Plaintiffs further argue that the copying charges sought by defendants were "not necessarily obtained for use in the case." However, the defendants obtained these copies in order to analyze the paper trails relevant to the claims of plaintiffs and the preparation of preliminary motions, including defendants' motion to dismiss for lack of jurisdiction or change of venue. The court finds that these costs for copies were "necessarily obtained for use in the case" and thus were properly included. See Vornado Air Circulation v. Duracraft Corp., No. 92-1543-WEB, 1995 WL 794070, at *3 (D. Kan. 1995).

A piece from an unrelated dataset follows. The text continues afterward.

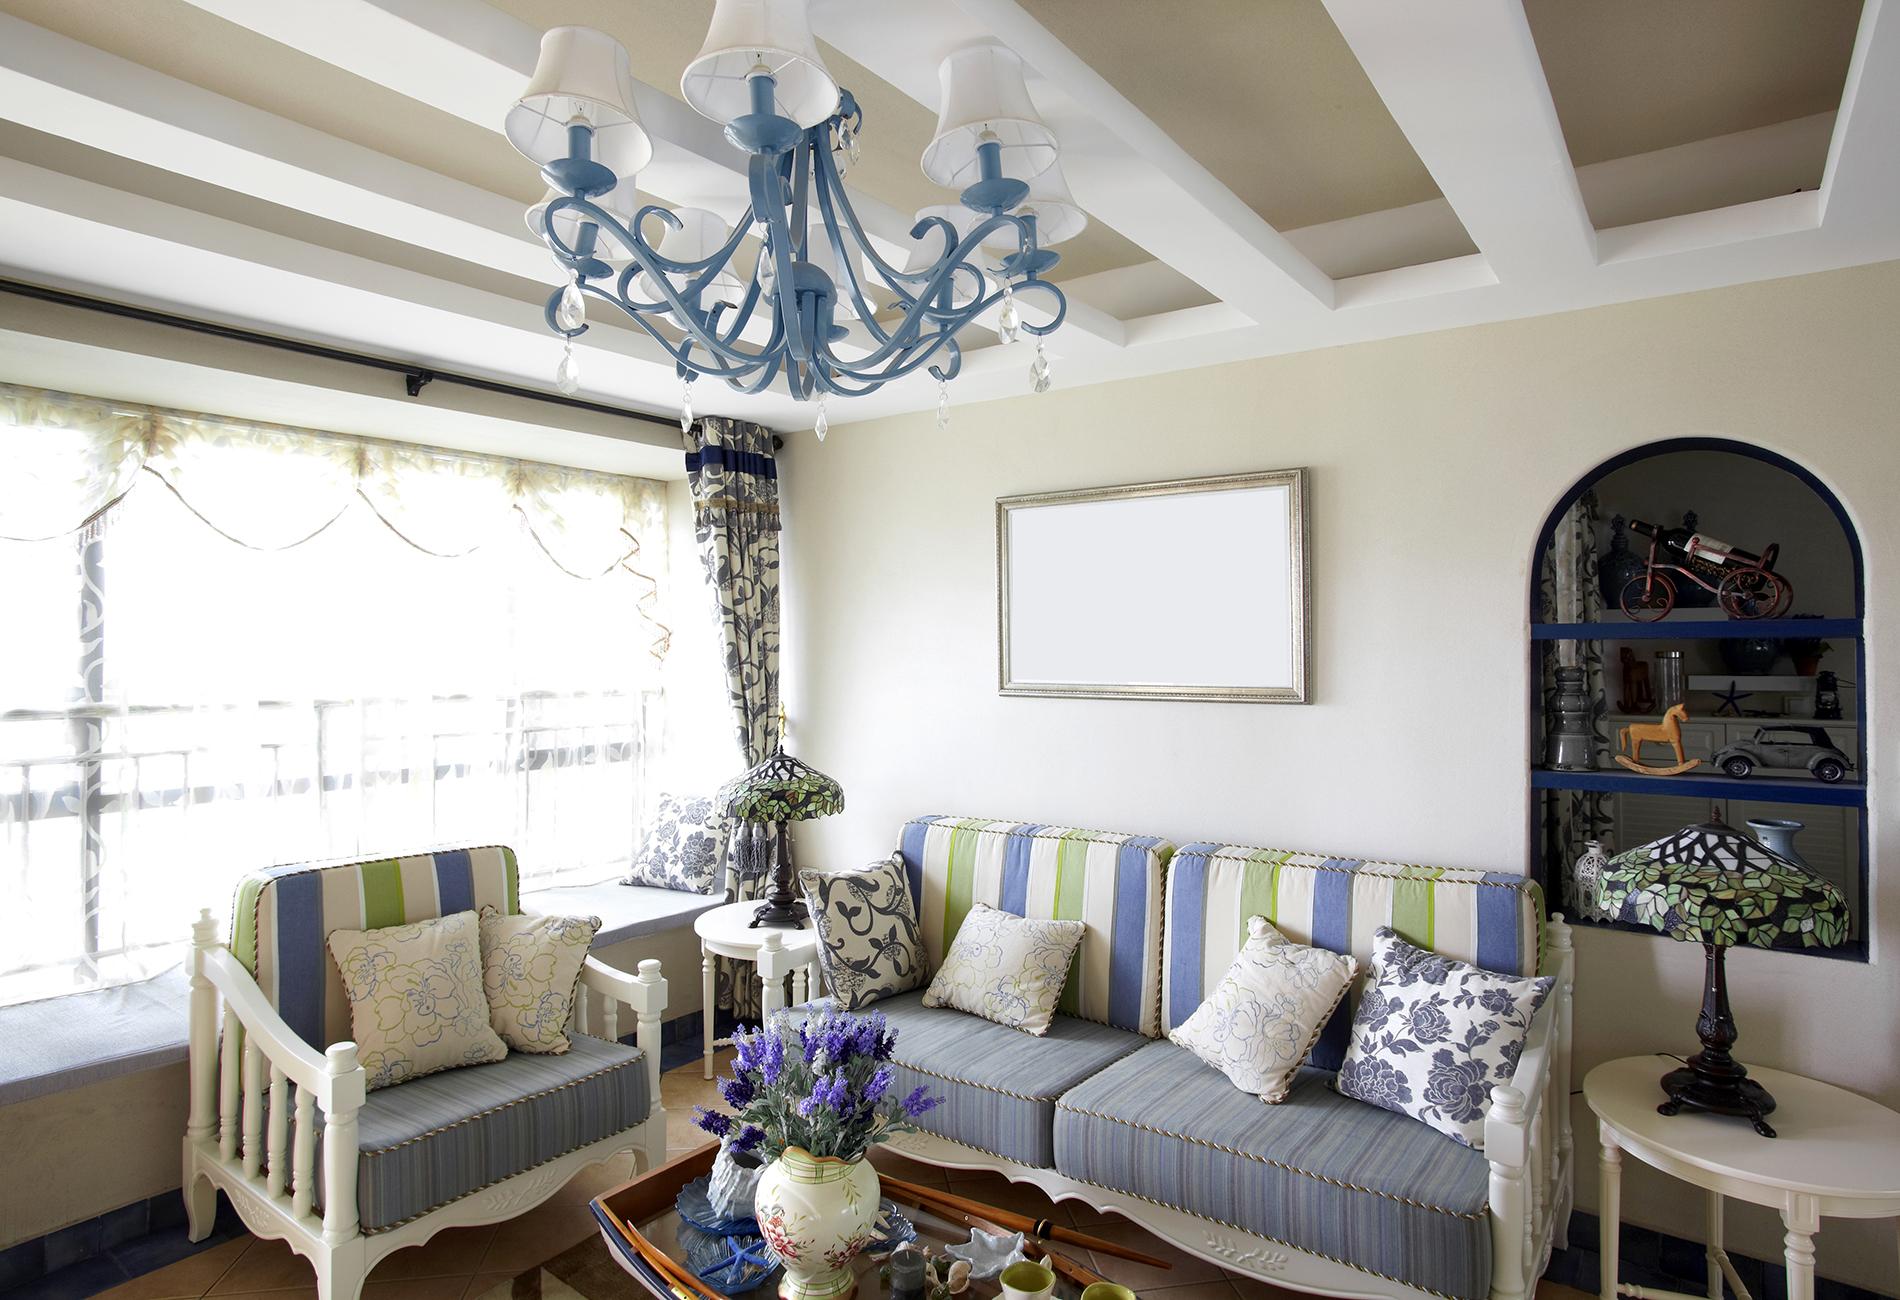 Stil uređenja kuće: mediteranski stil – od Španjolske do Grčke - Gradnja kuće

Plaintiffs also allege that defendants seek to recover $272.24 for copying and binding of defendants' appellate brief although the costs were included in attorney's fees rendered by counsel and were not separately compensable items. Defendants argue that they have not submitted copying costs that were included within the hourly rate fee charged to the clients. The court finds that these costs were properly included as defendants note that a charge is not billed to a client if the copy task involves less than fifty pages because these costs are included in the attorney's hourly rate. However, defendants note, the billing statements note that other "in-house" copying charges are billed to the client and were in fact paid by the clients in this case. Therefore, the costs were properly included.

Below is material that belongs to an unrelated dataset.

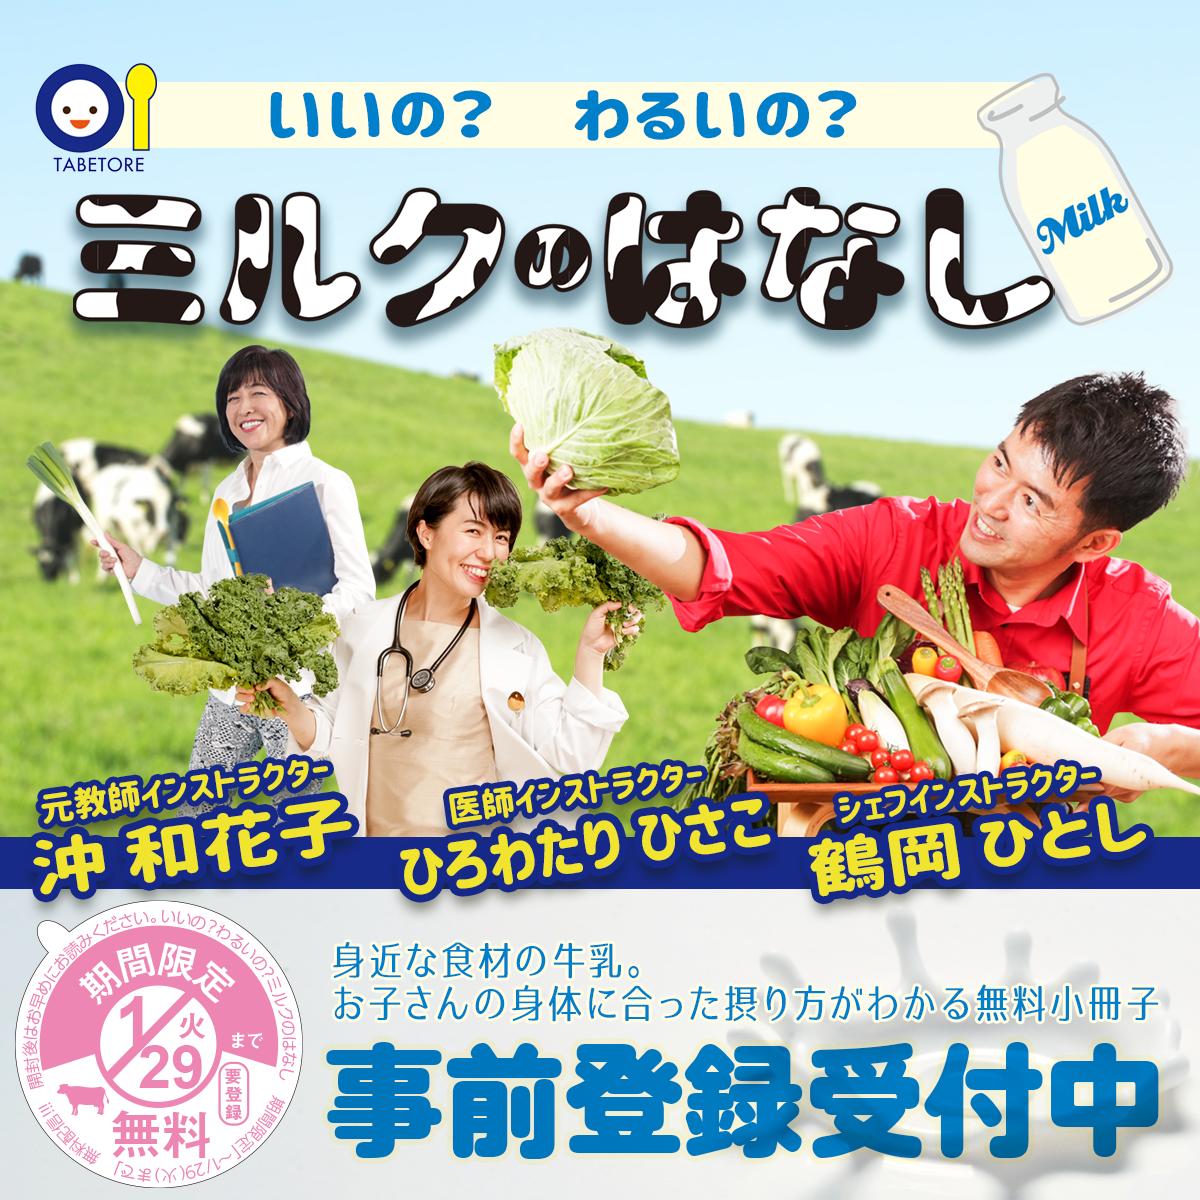 元教師 沖和花子 医師 ひろわたりひさこ シェフ 鶴岡ひさし 食べトレインストラクター ミルクのはなし 小冊子プレゼント

Finally, plaintiffs argue that due to the parties' planning conference, in which the parties agreed that "copies of the various documents described in the parties' respective Rule 26(a)(1) disclosures shall be exchanged by December 3, 2004," voluntary production of copies should preclude defendants from seeking to recoup these costs. However, the court finds this argument unpersuasive. The court agrees with defendants who note that when a document is needed, the document is pulled from the database of records and is photocopied. The second copying is indeed necessary and is reasonable.
B. Photocopying Costs — Performed In House and Billed to Client :
Plaintiffs argue that these costs should be excluded because they should be considered a part of defendants' attorneys' fees. The court finds that these costs were properly included because the costs reflect in-house copying charges that were billed to the client. IV. Clerk Fees :
Plaintiffs argue that the clerk allowed defendants a $50.00 admission fee which should be excluded because defendants cannot demonstrate that it was necessary to employ counsel outside the state of Kansas. The court finds that the fee was properly recoverable because the fees were necessarily incurred in order to appear and defend the claims filed by plaintiffs. See 28 U.S.C. § 1920(1); Burton v. R.J. Reynolds Tobacco Co., 395 F. Supp. 2d 1065 (D. Kan. 2005).
IT IS ACCORDINGLY ORDERED this 26th day of February, 2007, that plaintiffs' motion to retax costs (Dkt. No. 144) is denied.